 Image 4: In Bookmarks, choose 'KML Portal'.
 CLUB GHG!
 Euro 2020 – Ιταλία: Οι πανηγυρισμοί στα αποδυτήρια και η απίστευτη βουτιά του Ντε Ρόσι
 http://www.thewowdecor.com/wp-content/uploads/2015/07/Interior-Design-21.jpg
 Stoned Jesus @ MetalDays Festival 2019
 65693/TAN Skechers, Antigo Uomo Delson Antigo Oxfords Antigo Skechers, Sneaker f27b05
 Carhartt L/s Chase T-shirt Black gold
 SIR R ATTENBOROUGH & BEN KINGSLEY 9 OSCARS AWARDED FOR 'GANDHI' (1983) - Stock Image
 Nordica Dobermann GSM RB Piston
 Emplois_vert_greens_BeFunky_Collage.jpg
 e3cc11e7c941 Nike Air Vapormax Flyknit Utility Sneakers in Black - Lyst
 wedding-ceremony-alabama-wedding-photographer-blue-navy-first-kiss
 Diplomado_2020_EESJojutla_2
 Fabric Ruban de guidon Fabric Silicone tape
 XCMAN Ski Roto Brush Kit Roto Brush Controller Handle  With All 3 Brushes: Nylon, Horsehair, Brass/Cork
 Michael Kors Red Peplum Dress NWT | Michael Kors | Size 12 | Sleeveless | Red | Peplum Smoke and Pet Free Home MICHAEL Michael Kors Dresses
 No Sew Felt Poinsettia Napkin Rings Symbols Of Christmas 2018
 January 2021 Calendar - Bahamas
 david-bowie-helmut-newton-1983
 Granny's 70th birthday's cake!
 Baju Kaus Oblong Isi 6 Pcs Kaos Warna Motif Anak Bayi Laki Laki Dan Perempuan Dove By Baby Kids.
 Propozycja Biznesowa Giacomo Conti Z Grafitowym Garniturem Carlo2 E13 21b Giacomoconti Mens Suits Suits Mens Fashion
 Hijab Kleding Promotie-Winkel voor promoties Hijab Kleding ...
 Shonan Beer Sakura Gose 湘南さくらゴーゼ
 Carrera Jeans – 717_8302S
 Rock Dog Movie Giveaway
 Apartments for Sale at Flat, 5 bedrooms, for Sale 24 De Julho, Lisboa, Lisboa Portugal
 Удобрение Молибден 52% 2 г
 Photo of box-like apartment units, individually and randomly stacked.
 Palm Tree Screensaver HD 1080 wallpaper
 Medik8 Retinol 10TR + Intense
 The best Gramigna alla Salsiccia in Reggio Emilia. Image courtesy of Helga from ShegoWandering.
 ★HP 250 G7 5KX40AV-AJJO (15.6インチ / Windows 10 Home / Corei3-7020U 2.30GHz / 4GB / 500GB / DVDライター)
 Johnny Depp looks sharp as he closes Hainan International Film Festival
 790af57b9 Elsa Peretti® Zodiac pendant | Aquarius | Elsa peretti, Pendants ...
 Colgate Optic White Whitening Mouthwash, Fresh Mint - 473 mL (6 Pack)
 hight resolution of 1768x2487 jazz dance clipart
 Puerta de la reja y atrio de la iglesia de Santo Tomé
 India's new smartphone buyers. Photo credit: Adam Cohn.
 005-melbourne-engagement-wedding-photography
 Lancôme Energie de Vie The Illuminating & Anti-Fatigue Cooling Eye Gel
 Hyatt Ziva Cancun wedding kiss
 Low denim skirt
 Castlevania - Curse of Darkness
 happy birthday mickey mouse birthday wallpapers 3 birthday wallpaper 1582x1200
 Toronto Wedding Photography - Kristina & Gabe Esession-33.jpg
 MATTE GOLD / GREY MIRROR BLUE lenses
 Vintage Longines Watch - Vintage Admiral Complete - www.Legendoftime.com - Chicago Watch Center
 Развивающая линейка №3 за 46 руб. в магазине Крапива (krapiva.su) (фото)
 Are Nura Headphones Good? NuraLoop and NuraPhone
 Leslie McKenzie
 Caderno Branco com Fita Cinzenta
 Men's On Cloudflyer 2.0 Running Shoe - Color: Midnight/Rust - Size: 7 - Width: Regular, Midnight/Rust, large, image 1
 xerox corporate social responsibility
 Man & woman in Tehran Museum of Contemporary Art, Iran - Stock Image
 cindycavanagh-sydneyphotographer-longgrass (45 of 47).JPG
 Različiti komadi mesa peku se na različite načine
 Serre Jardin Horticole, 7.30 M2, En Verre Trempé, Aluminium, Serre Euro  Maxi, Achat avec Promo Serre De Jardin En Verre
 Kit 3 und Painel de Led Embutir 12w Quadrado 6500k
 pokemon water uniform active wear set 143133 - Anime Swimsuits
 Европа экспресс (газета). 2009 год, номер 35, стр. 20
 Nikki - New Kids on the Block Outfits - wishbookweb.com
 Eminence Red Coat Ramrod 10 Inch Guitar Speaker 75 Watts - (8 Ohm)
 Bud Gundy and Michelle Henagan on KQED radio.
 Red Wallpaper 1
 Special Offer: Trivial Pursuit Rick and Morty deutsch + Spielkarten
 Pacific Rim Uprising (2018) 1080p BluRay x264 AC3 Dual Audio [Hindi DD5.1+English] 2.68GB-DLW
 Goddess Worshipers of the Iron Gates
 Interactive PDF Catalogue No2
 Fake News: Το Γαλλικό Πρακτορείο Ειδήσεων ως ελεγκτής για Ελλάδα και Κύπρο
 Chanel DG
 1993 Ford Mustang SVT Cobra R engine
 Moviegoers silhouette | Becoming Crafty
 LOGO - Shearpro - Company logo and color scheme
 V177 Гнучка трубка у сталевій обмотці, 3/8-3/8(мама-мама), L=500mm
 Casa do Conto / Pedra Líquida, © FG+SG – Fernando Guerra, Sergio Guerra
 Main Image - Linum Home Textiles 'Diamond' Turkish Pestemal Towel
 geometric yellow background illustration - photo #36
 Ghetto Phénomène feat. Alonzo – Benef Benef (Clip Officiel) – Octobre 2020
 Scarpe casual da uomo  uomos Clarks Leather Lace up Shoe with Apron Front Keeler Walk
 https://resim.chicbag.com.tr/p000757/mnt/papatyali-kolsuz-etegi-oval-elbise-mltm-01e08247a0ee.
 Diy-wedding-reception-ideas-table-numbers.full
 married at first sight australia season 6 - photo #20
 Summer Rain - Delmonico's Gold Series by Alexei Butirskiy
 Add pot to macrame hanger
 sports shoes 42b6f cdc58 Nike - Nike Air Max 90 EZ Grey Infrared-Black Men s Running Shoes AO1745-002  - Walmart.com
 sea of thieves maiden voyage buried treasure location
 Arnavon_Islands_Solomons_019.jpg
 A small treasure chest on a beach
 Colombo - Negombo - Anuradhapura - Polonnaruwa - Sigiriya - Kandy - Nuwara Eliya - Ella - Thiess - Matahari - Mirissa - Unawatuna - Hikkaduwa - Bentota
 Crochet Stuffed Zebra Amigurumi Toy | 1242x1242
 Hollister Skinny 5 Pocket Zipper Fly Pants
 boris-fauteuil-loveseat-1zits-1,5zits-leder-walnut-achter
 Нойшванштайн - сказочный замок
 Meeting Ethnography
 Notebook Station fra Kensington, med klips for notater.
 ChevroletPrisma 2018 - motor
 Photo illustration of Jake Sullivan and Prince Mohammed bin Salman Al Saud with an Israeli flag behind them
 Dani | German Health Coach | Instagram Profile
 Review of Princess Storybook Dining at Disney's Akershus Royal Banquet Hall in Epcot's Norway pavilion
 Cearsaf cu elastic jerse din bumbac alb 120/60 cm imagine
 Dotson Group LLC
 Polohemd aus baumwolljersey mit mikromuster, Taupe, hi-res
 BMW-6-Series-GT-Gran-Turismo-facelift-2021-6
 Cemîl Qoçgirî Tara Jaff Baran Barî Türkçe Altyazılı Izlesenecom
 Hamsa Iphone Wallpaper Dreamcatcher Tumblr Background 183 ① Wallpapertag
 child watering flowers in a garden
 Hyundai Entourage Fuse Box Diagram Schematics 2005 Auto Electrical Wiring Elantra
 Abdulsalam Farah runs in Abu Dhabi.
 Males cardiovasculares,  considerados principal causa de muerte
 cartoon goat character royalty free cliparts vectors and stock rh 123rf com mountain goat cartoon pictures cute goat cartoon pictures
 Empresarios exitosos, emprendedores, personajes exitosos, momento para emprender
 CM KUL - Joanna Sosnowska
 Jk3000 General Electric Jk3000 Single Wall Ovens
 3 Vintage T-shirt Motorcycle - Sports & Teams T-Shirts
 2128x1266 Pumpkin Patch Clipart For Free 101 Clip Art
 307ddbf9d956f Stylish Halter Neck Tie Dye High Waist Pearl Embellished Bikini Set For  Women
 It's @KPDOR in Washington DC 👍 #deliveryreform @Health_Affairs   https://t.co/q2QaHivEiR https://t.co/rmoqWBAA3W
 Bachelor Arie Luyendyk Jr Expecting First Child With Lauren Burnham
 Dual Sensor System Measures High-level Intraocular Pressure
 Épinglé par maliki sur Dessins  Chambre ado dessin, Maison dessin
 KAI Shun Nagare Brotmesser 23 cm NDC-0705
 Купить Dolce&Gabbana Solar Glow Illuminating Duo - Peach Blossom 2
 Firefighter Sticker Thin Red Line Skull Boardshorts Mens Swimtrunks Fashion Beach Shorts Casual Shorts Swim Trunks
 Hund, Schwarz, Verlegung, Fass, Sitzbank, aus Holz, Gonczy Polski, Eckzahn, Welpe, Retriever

= = =

▶ [PROMPT] Return exactly what appears above, from the first line of the entries to the line with "Carhartt L/s Chase T-shirt Black gold", inclusive.

▶ [FINISHED EXERCISE]
 Image 4: In Bookmarks, choose 'KML Portal'.
 CLUB GHG!
 Euro 2020 – Ιταλία: Οι πανηγυρισμοί στα αποδυτήρια και η απίστευτη βουτιά του Ντε Ρόσι
 http://www.thewowdecor.com/wp-content/uploads/2015/07/Interior-Design-21.jpg
 Stoned Jesus @ MetalDays Festival 2019
 65693/TAN Skechers, Antigo Uomo Delson Antigo Oxfords Antigo Skechers, Sneaker f27b05
 Carhartt L/s Chase T-shirt Black gold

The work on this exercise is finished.